Start of Block
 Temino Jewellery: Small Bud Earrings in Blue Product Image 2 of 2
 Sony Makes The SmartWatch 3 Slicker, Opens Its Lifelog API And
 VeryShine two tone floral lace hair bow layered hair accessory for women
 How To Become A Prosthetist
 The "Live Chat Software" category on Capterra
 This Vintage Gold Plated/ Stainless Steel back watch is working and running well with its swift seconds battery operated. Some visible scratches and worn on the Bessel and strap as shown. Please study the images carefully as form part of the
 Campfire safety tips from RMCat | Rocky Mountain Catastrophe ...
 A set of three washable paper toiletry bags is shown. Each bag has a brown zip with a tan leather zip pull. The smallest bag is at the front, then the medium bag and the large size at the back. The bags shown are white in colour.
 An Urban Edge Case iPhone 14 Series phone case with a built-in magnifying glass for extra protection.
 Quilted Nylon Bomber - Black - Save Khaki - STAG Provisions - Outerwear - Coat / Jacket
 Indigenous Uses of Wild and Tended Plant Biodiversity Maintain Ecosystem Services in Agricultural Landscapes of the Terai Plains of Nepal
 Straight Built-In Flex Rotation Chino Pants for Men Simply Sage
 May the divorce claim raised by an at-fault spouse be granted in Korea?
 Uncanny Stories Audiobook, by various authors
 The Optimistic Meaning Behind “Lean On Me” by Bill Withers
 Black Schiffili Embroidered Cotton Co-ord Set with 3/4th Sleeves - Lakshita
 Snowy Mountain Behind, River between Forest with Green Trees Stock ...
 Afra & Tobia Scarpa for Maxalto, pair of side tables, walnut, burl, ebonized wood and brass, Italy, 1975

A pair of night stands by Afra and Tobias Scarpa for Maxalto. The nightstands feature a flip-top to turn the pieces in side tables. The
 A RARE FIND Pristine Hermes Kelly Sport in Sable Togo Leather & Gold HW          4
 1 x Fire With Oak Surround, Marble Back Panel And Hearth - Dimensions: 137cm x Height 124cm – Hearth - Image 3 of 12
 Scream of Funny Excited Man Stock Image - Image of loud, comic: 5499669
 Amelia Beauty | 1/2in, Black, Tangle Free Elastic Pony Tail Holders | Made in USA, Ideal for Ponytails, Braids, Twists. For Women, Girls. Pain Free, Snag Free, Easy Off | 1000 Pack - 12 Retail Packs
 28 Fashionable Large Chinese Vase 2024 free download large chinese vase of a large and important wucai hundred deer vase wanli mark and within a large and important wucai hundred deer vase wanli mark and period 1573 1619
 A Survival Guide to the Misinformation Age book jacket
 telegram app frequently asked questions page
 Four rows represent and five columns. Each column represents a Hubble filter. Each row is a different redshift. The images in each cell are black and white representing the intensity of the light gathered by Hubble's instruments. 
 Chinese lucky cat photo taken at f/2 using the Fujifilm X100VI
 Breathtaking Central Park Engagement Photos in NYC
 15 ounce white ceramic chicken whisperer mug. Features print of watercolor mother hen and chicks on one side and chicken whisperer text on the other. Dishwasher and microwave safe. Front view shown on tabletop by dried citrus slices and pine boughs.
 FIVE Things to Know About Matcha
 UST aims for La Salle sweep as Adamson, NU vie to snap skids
End of Block
### What you should do
Beginning at the first line of the data above, retype each line until you reach the line containing "category on Capterra", and include that one too. Add nothing else.

### Answer for the task
 Temino Jewellery: Small Bud Earrings in Blue Product Image 2 of 2
 Sony Makes The SmartWatch 3 Slicker, Opens Its Lifelog API And
 VeryShine two tone floral lace hair bow layered hair accessory for women
 How To Become A Prosthetist
 The "Live Chat Software" category on Capterra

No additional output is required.